The digital cloud user behavior log in the debugging example record may be understood as a first digital cloud user behavior log example. The debugging process of the AI knowledge refinement model can comprise the following steps: extracting an attack intention knowledge field of a first digital cloud user behavior log example through an AI knowledge extraction model; obtaining a regression analysis result of the first digital cloud user behavior log example based on an attack intention knowledge field of the first digital cloud user behavior log example; improving model configuration variables of the AI knowledge refinement model based on regression analysis results and prior annotations of the first digital cloud user behavior log example.
It is understood that the above first digital cloud user behavior log example refers to a digital cloud user behavior log used for debugging the AI knowledge refinement model, and the aforementioned first digital cloud user behavior log example may be understood as a debugging process to be applied to the intention knowledge decision optimization model after the AI knowledge refinement model is debugged, for example, the attack intention knowledge fields of the first digital cloud user behavior log example and each shared user behavior log in the authenticated cloud shared storage space are extracted by the pre-debugged AI knowledge refinement model, and are loaded to the intention decision optimization model for attack intention knowledge field optimization after expert decision knowledge distribution is generated, and input information used in the intention decision optimization model debugging process is the first digital cloud user behavior log example. The first digital cloud user behavior log example and the first digital cloud user behavior log example may be identical or may be different.

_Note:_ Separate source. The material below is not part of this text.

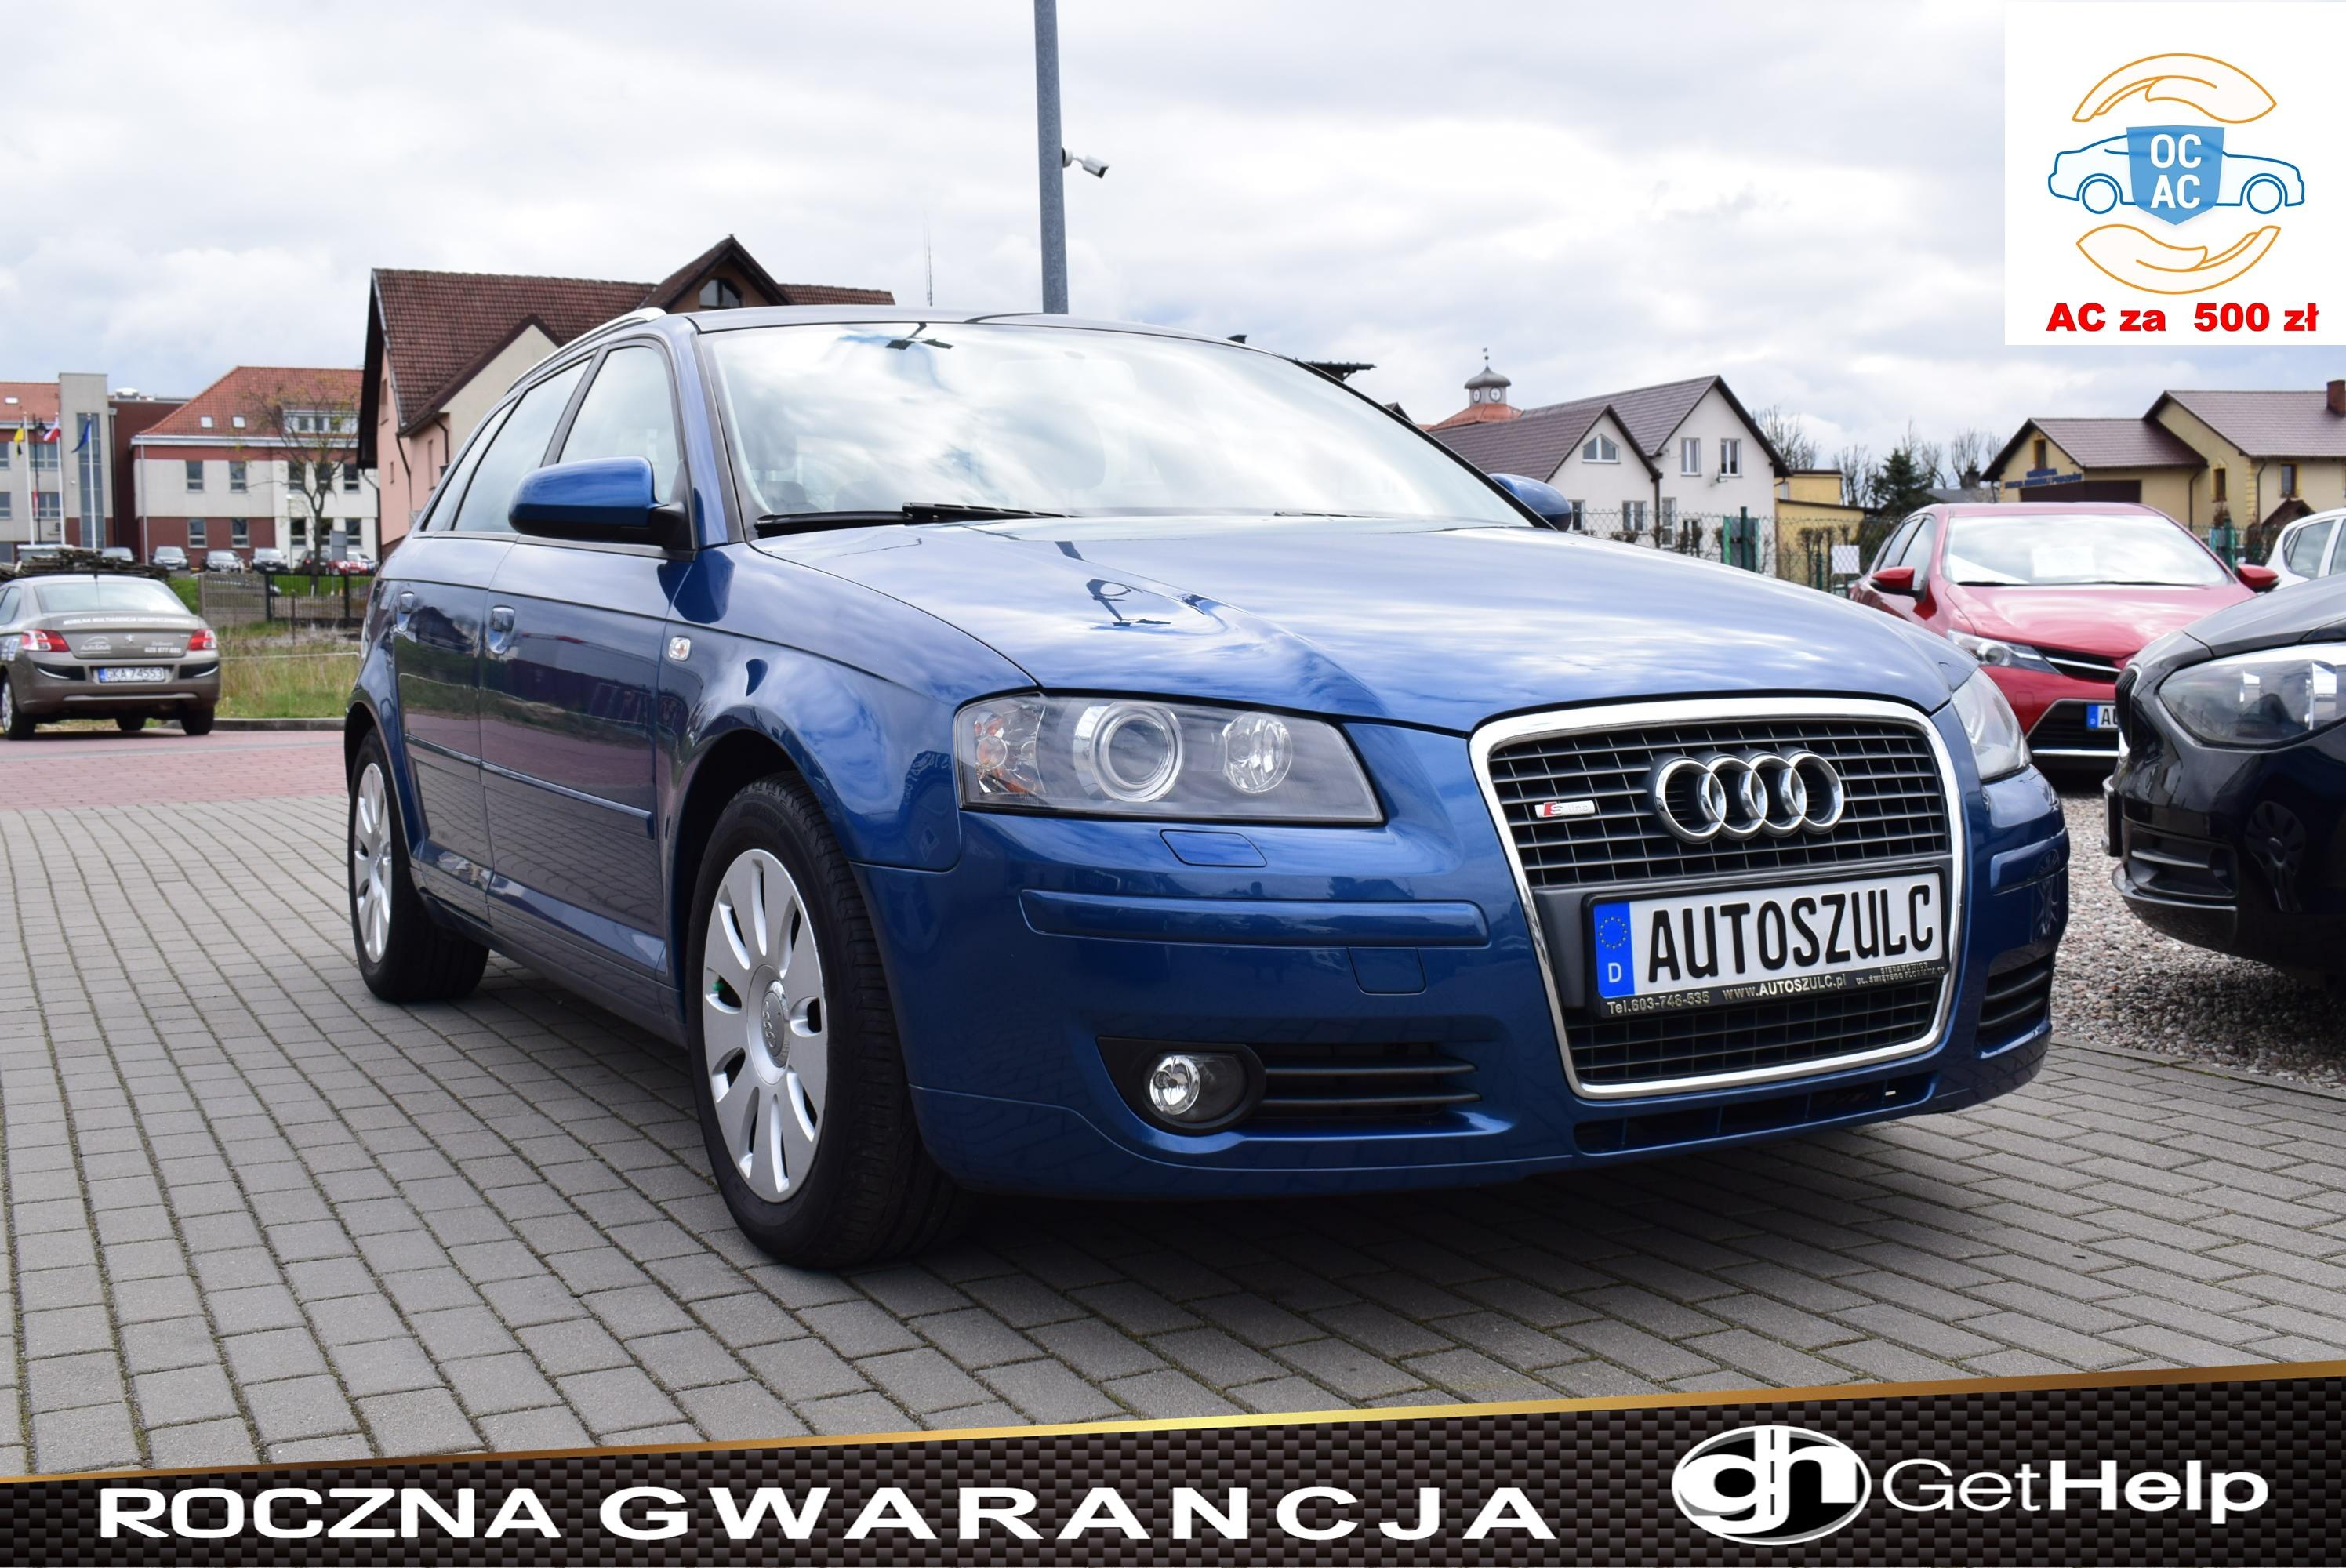 Audi A3 1.6 Benzyna, Sportback, Import z Niemiec, 5-drzwi, Podwójny Szyberdach, 6-biegów, Skóra, Rok Gwarancji

S402, respectively mining attack intention knowledge fields of the first digital cloud user behavior log example and each shared user behavior log in the authenticated cloud shared storage space through an AI knowledge extraction model.

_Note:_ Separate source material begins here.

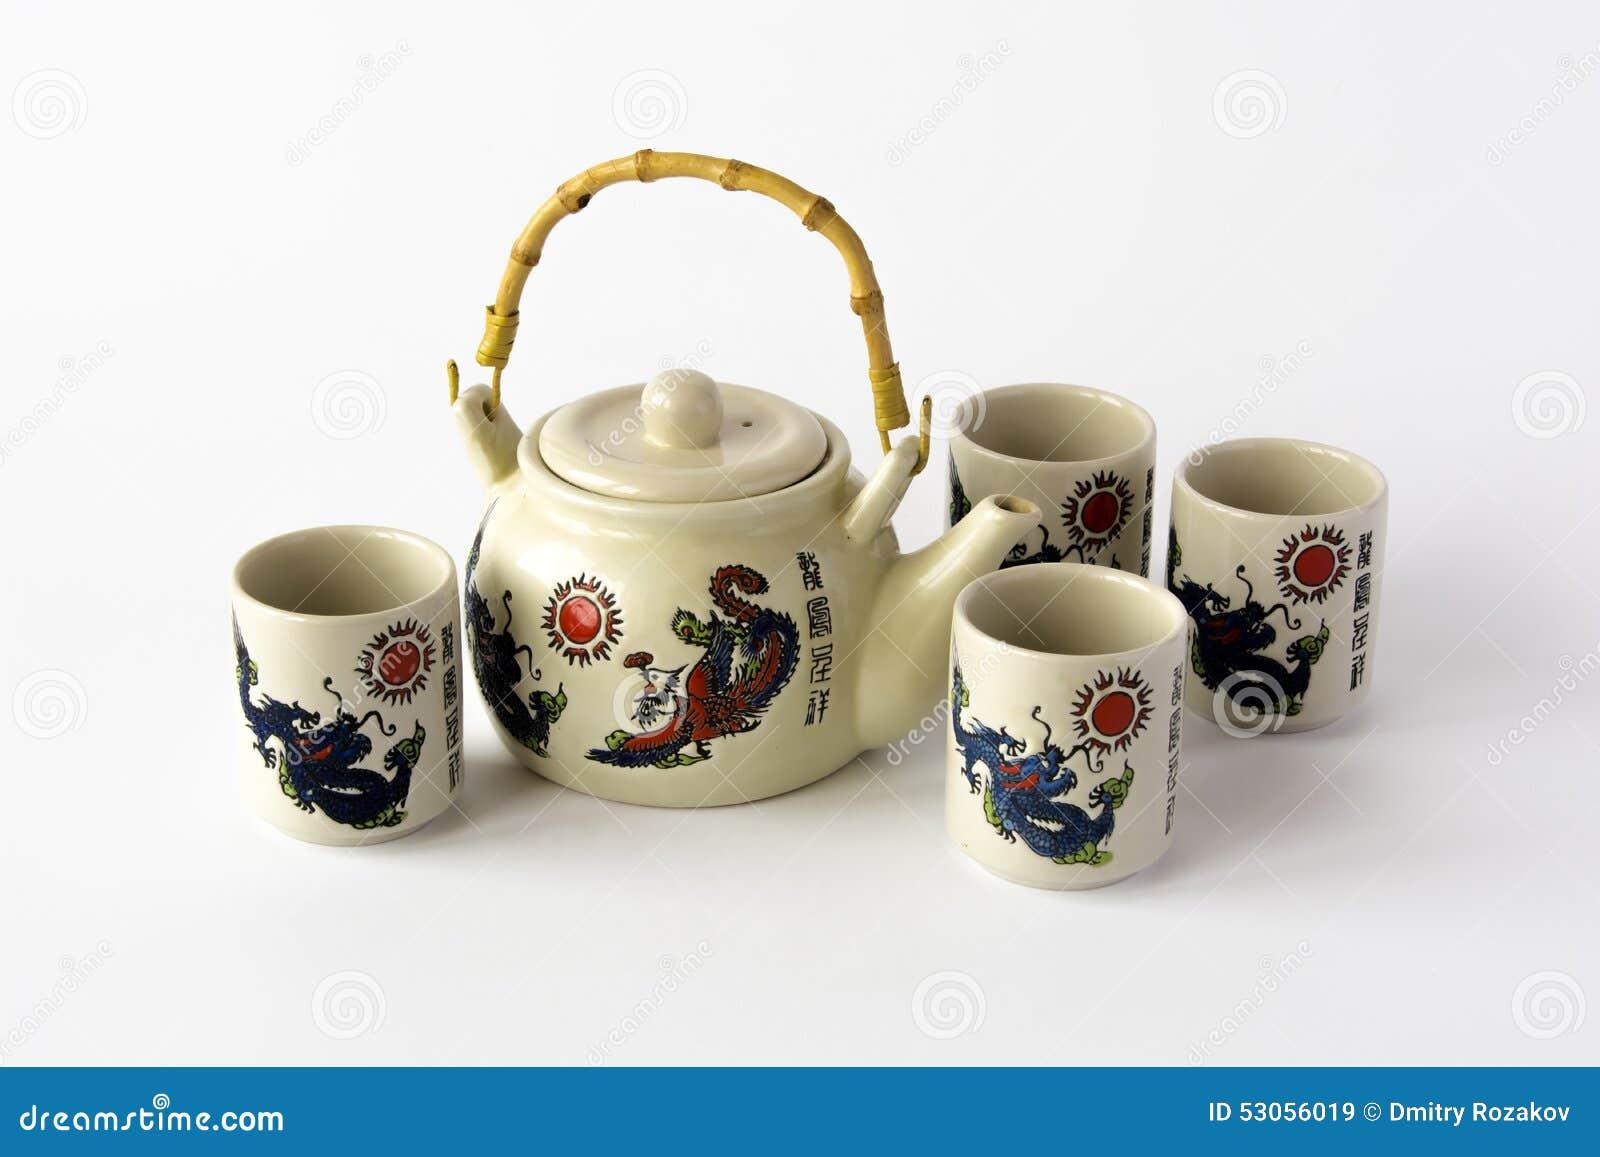 Juego de t chino de cer mica foto de archivo imagen - Juego para hacer ceramica ...

S404, obtaining a first candidate user behavior log associated with the first digital cloud user behavior log example from each shared user behavior log based on word vector commonality between the first digital cloud user behavior log example and the attack intention knowledge field of each shared user behavior log.
The shared user behavior log is a digital cloud user behavior log in a cloud shared storage space.
For example, word vector commonalities between the attack intention knowledge field of the first digital cloud user behavior log example and the attack intention knowledge field of each shared user behavior log may be determined, and each shared user behavior log may be sorted according to the word vector commonalities, for example, sorted according to a descending rule of the word vector commonalities. And then selecting the top Y shared user behavior logs from the sorting results (sorting results) as first candidate user behavior logs of the first digital cloud user behavior log example. For example, the knowledge unit31 reflects a first digital cloud user behavior log example, and the shared user behavior logs reflected by the knowledge unit32, the knowledge unit33, and the knowledge unit34 are all first candidate user behavior logs of the first digital cloud user behavior log example.
S406, according to the word vector commonality between the attack intention knowledge fields of the first candidate user behavior log and the shared user behavior log, obtaining a second candidate user behavior log associated with the first candidate user behavior log from the shared user behavior log.
And then determining word vector commonality between the attack intention knowledge fields of the first candidate user behavior log and the shared user behavior log, and obtaining the shared user behavior log associated with the first candidate user behavior log from the shared user behavior log as a second candidate user behavior log. For example, through the word vector commonality of the attack intention knowledge field, the knowledge units unit35 to unit37 are shared user behavior logs associated with the knowledge unit32, and the knowledge units unit35 to unit37 are second candidate user behavior logs of the knowledge unit 31. Further, the knowledge units 38 to 40 associated with the knowledge unit34 are also second candidate user behavior logs of the knowledge unit 31.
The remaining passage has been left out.